Change Data Capture Implementation
Now we understand the mapping variables, lets go ahead and start building our mapping with Change Data Capture.
Here we are going to implement Change Data Capture for CUSTOMER data load. We need to load any new customer or changed customers data to a flat file. Since the column UPDATE_TS value changes for any new or updated customer record, we will be able to find the new or changed customer records using UPDATE_TS column.
As the first step lets start the mapping and create a mapping variable as shown in below image.
- $$M_DATA_END_TIME as Date/Time
Now bring in the source and source qualified to the mapping designer workspace. Open the source qualifier and give the filter condition to get the latest data from the source as shown below.
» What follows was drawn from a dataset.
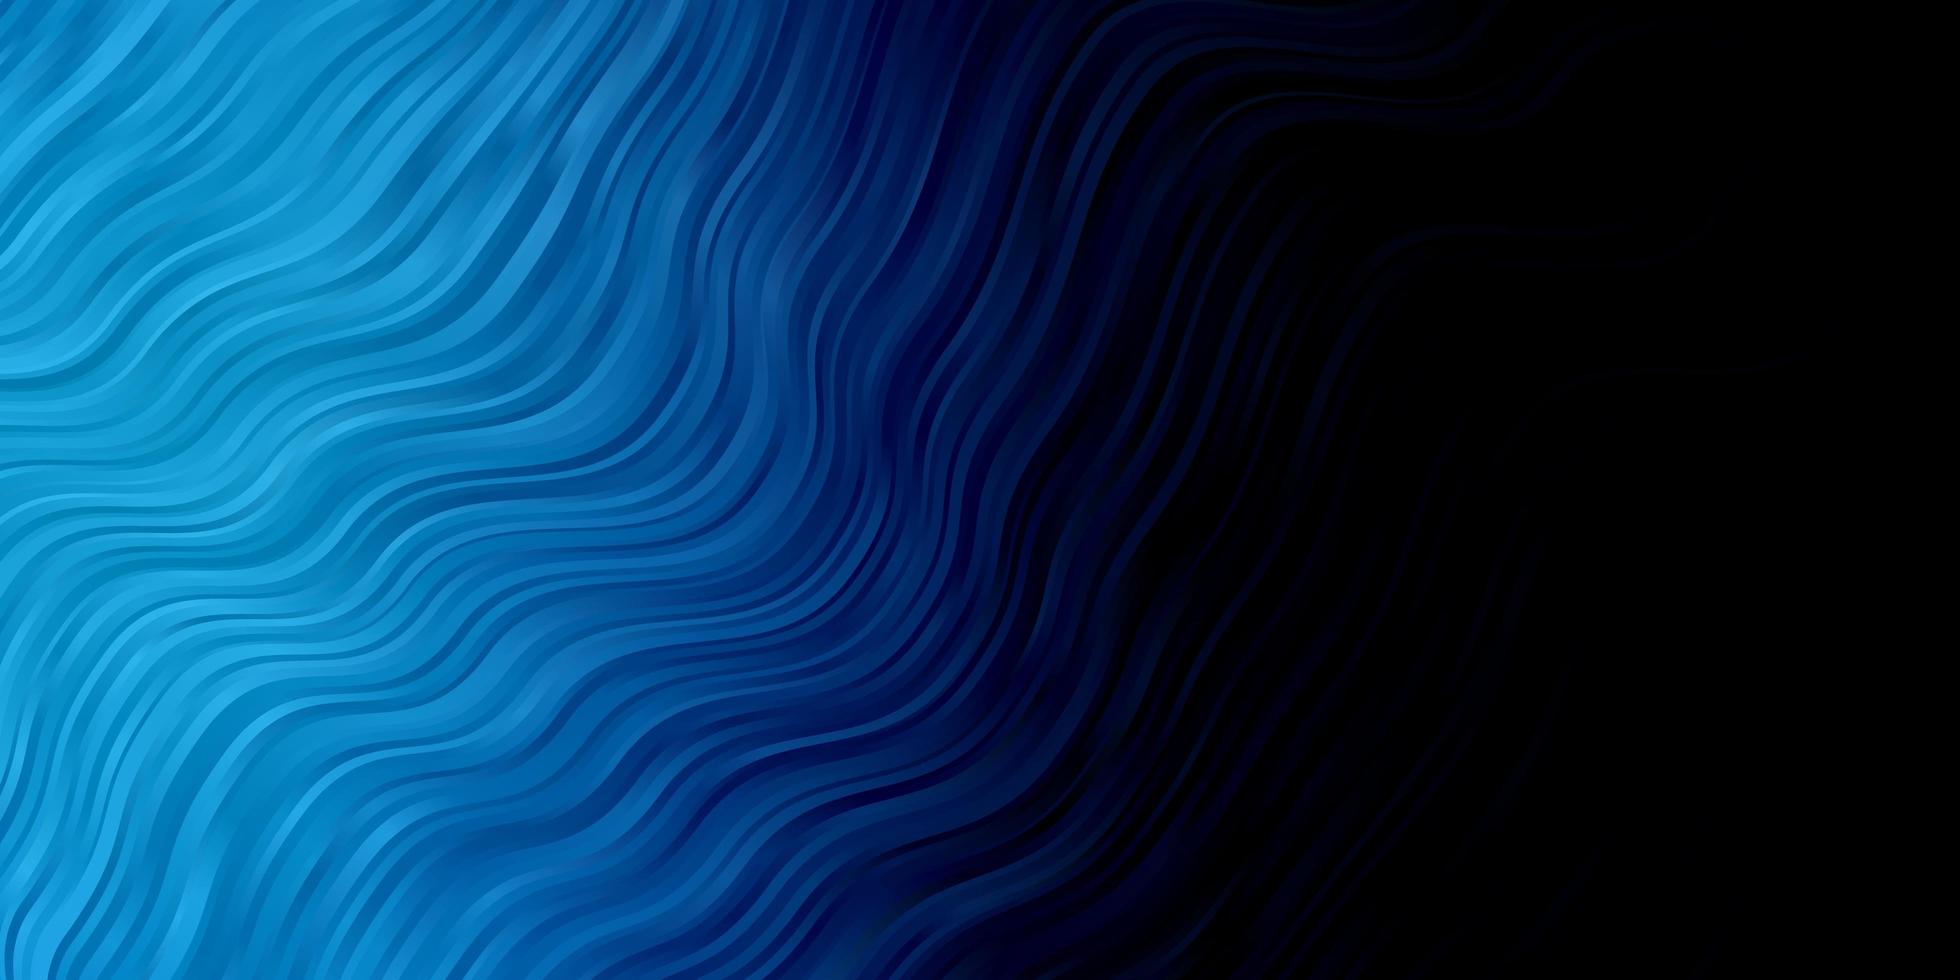 plantilla de vector azul oscuro con líneas torcidas.

- STG_CUSTOMER_MASTER.UPDATE_TS > CONVERT(DATETIME,'$$M_DATA_END_TIME')
Note : This filter condition will make sure that, latest data is pulled from the source table each and every time. Latest value for the variable $M_DATA_END_TIME is retrieved from the repository every time the session is run.
Now map the column UPDATE_TS to an expression transformation and create a variable expression as below.
- SETMAXVARIABLE($M_DATA_END_TIME,UPDATE_TS)
Note : This expression will make sure that, latest value from the the column UPDATE_TS is stored into the repository after the successful completion of the session run.
Now you can map all the remaining columns to the down stream transformation and complete all other transformation required in the mapping.
That’s all you need to configure Change Data Capture, Now create your workflow and run the workflow.
Once you look into the session log file you can see the mapping variable value is retrieved from the repository and used in the source SQL, just like shown in the image below.
You can look at the mapping variable value stored in the repository, from workflow manager. Choose the session from the workspace, right click and select 'View Persistent Value'. You get the mapping variable in a pop up window, like shown below.